## Exercise aim
Could you copy exactly the lines below from the one with "Spotted Wing Drosophila" to the one with "Build Your Own", inclusive, leaving out any pictures?

## Record set
______

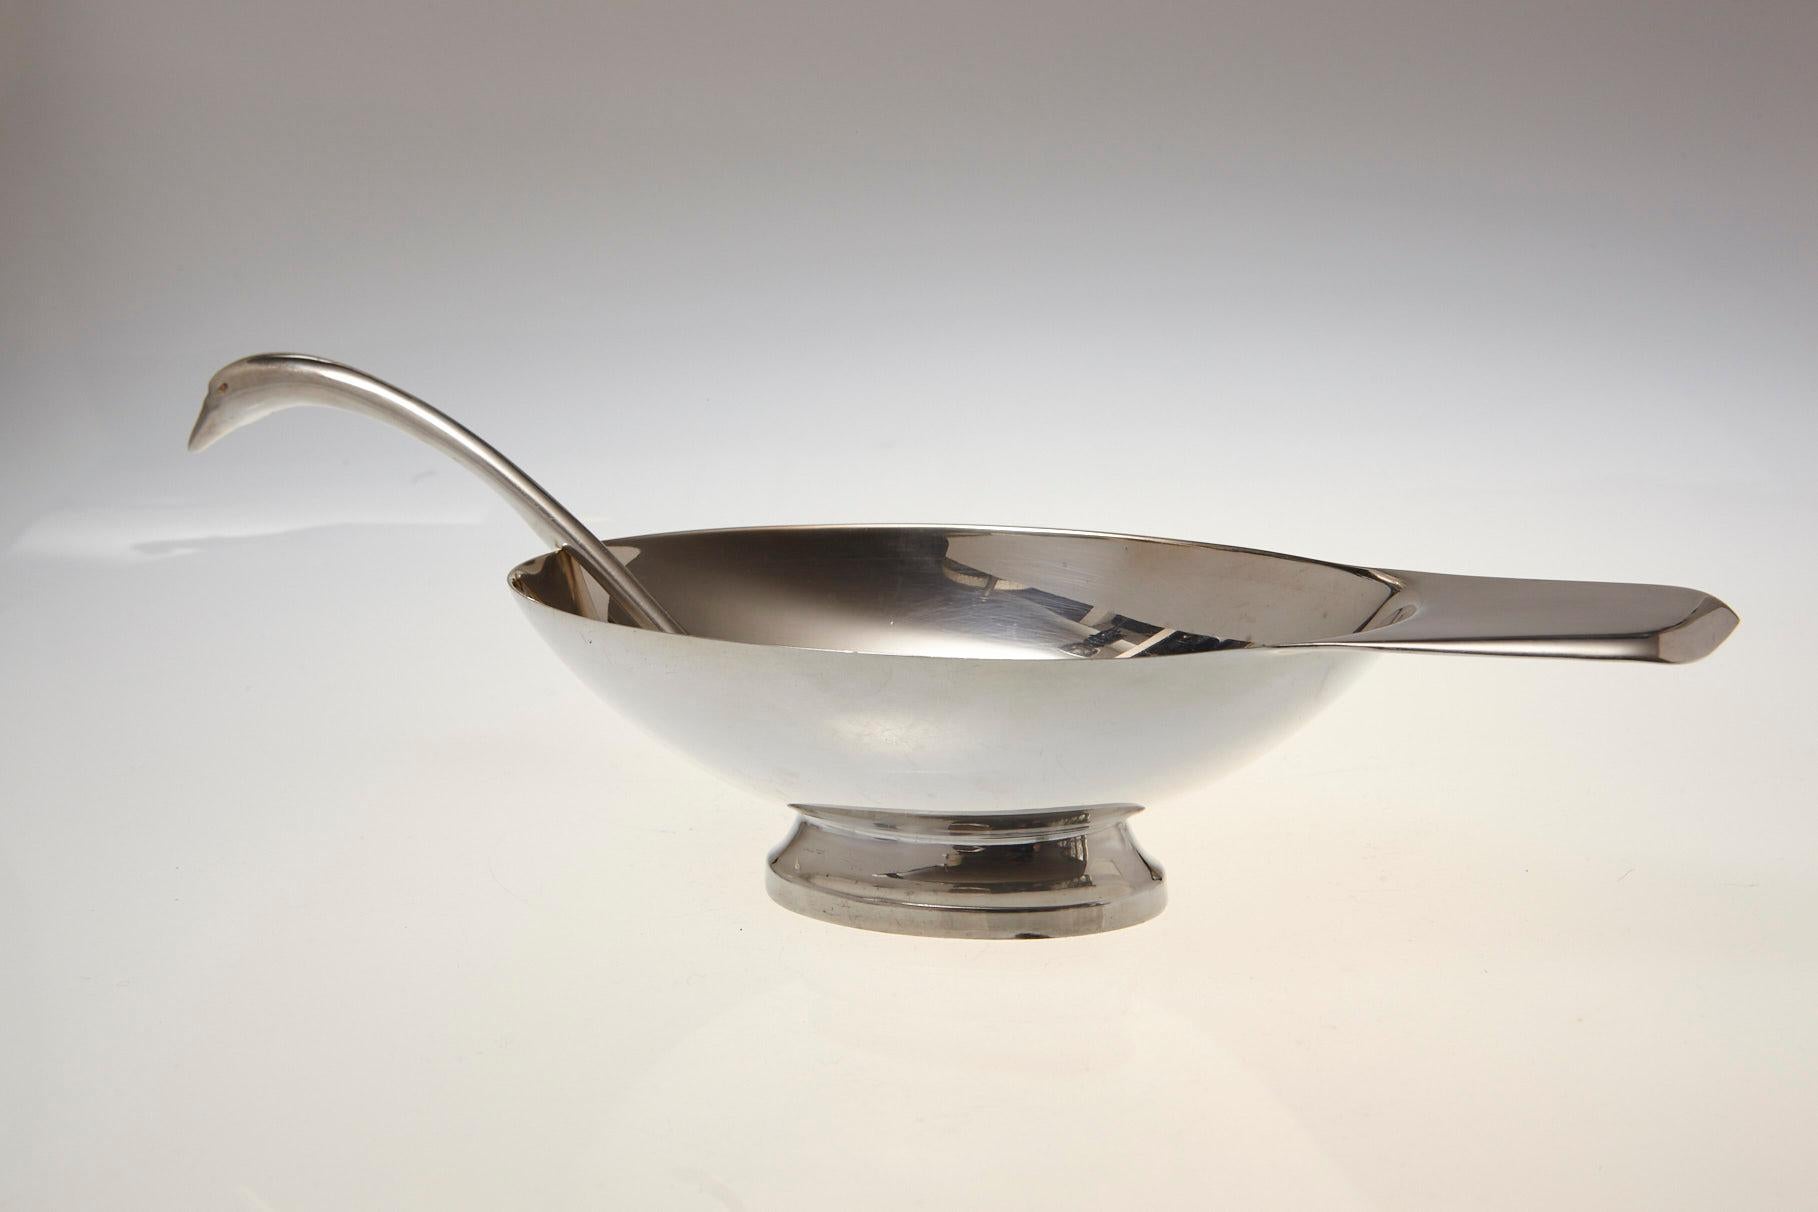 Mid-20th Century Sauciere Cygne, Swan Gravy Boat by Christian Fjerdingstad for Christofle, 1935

______

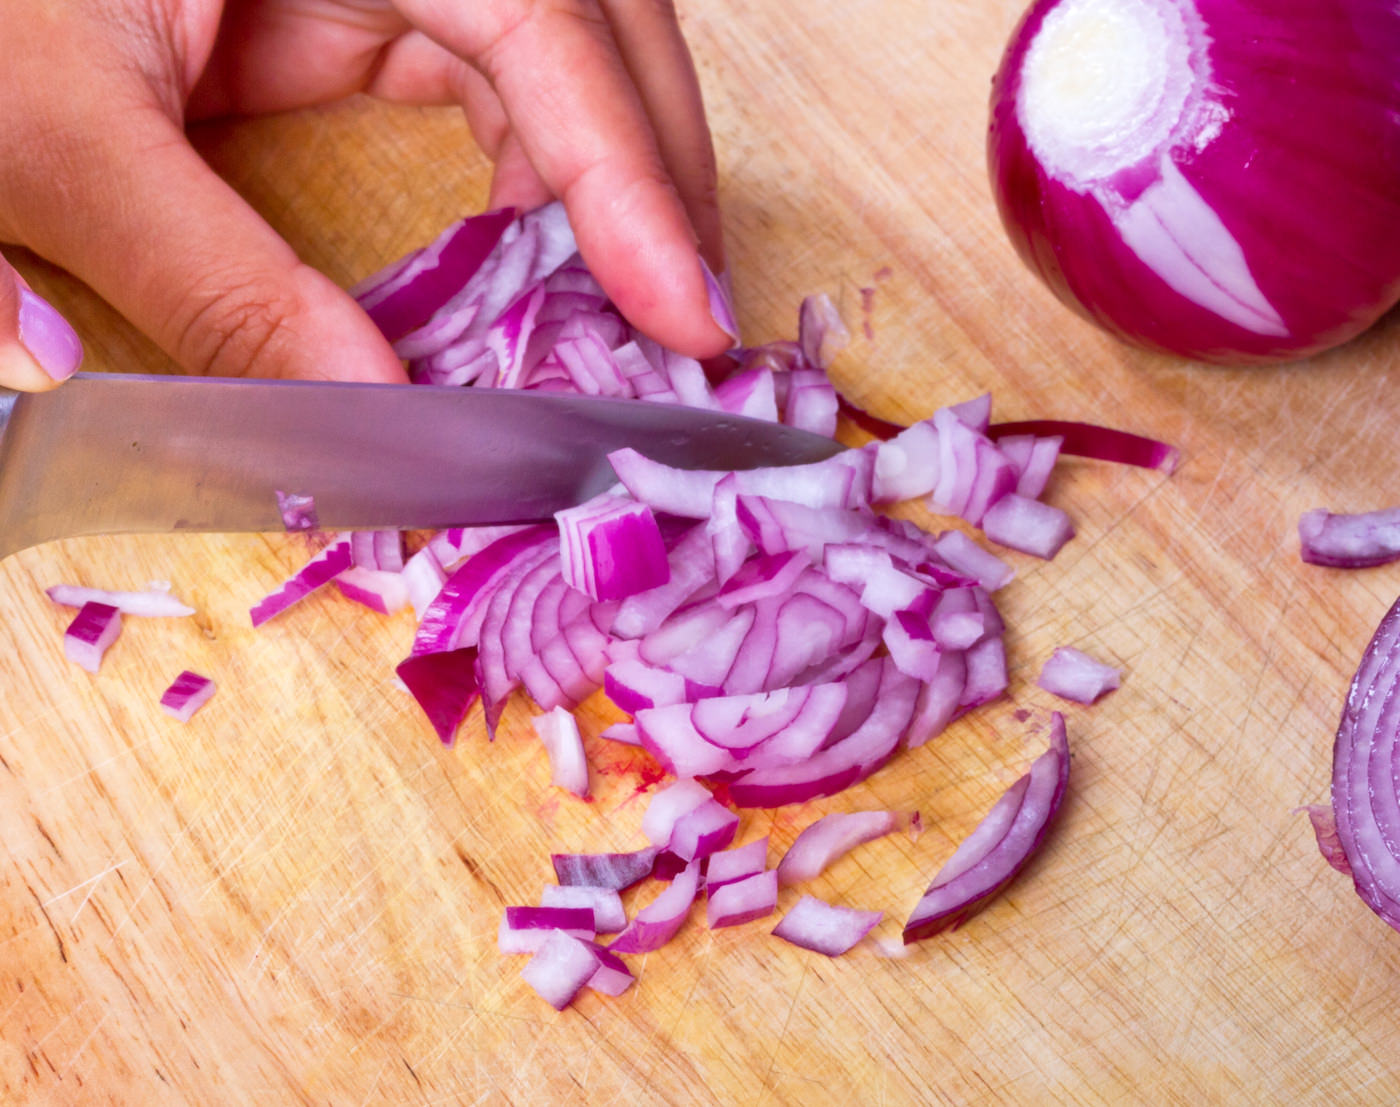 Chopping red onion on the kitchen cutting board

______

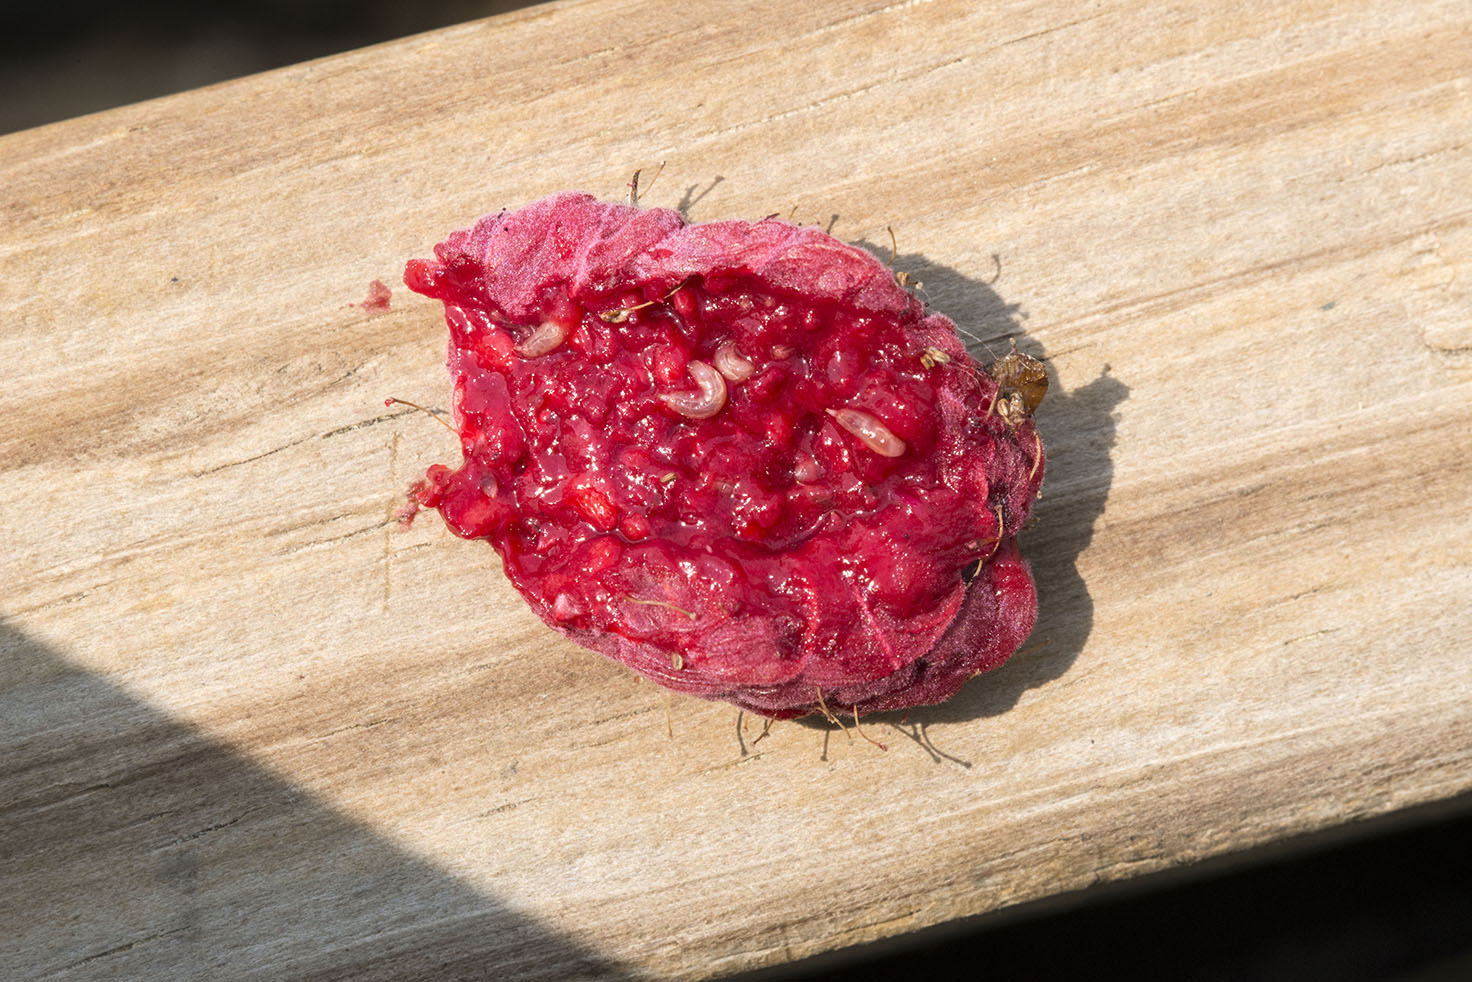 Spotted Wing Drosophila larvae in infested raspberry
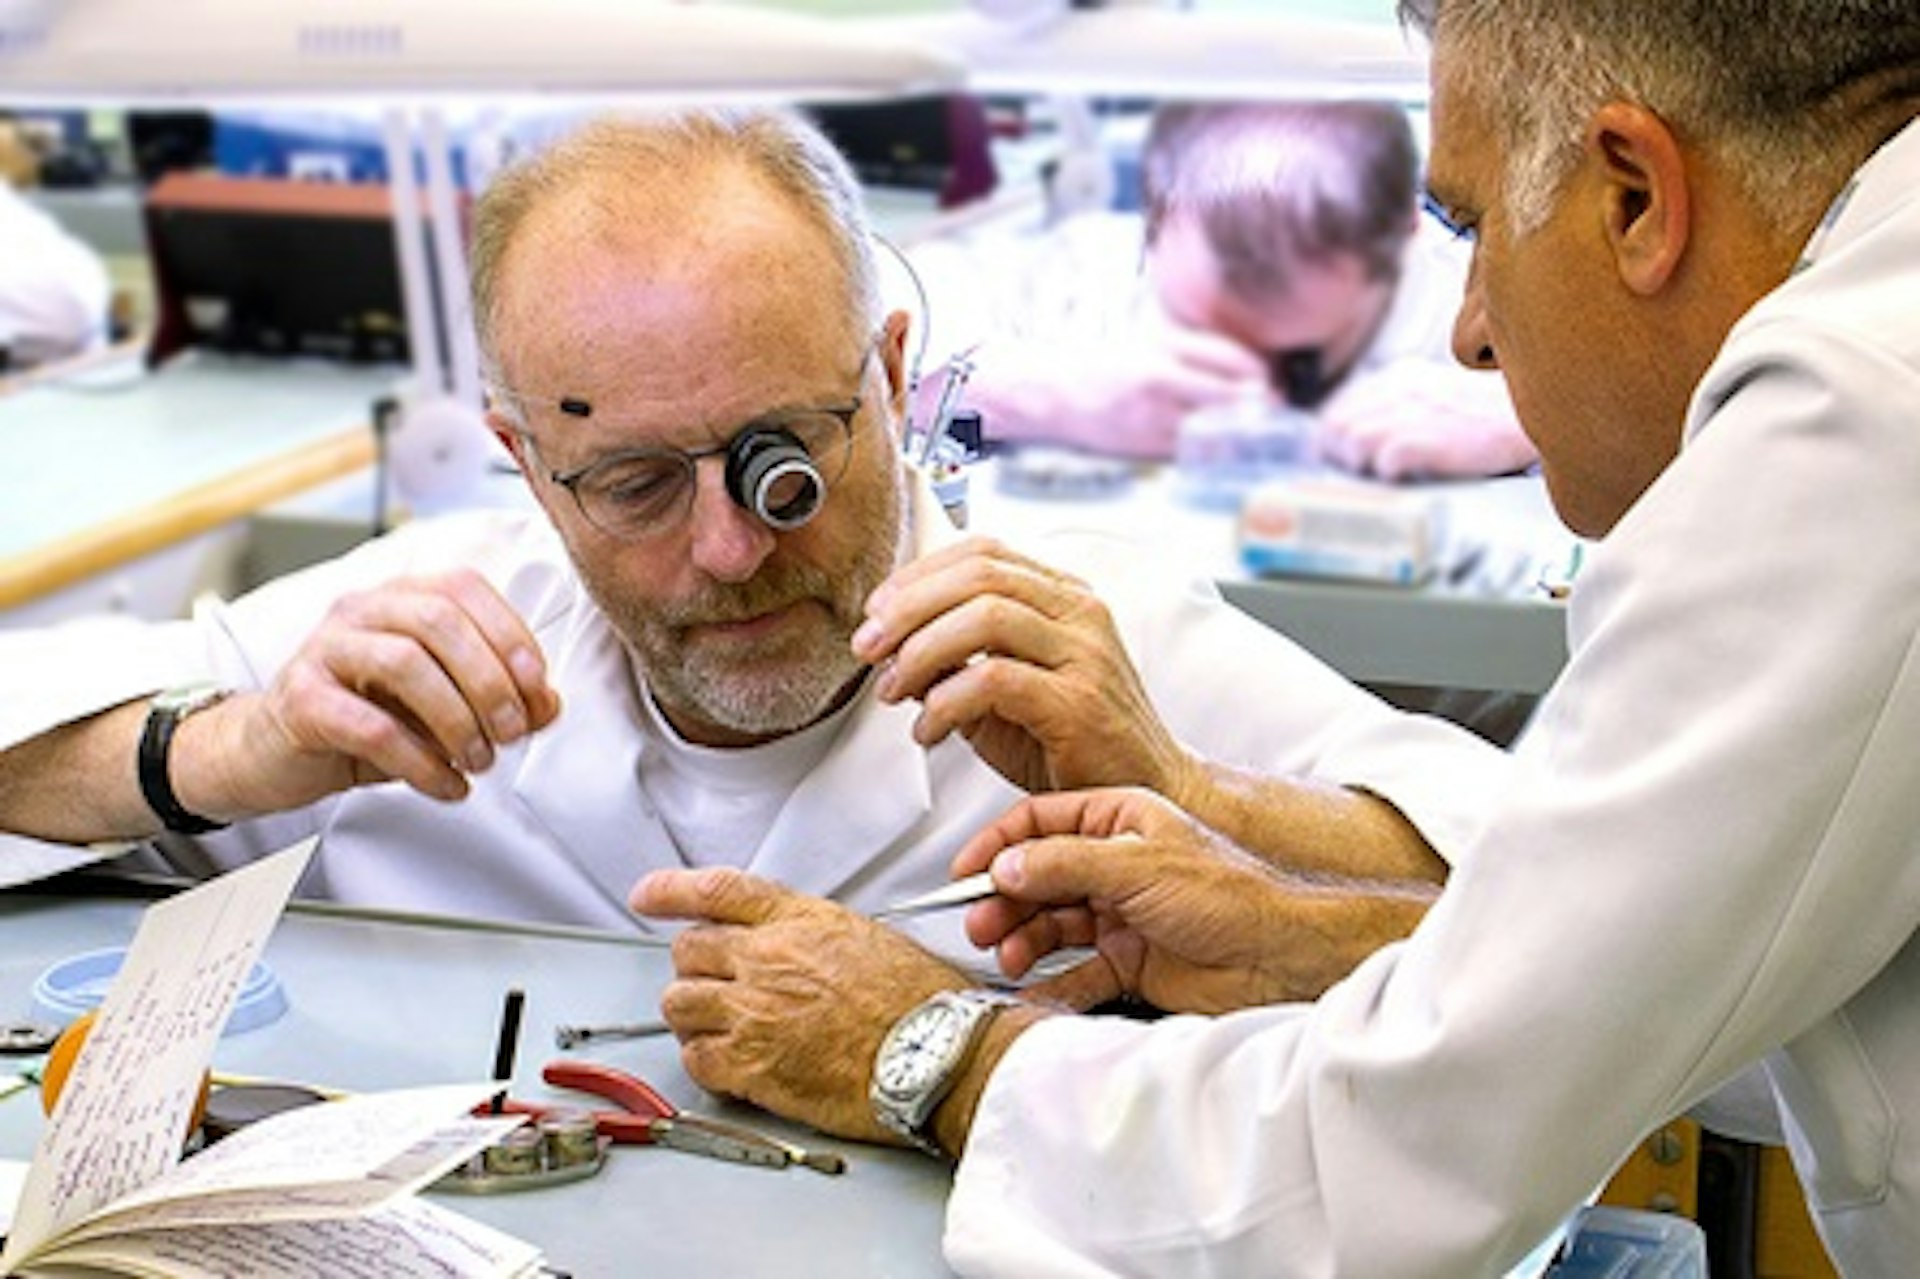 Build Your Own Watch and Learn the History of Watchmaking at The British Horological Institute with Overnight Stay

______

## Written solution
 Spotted Wing Drosophila larvae in infested raspberry
 Build Your Own Watch and Learn the History of Watchmaking at The British Horological Institute with Overnight Stay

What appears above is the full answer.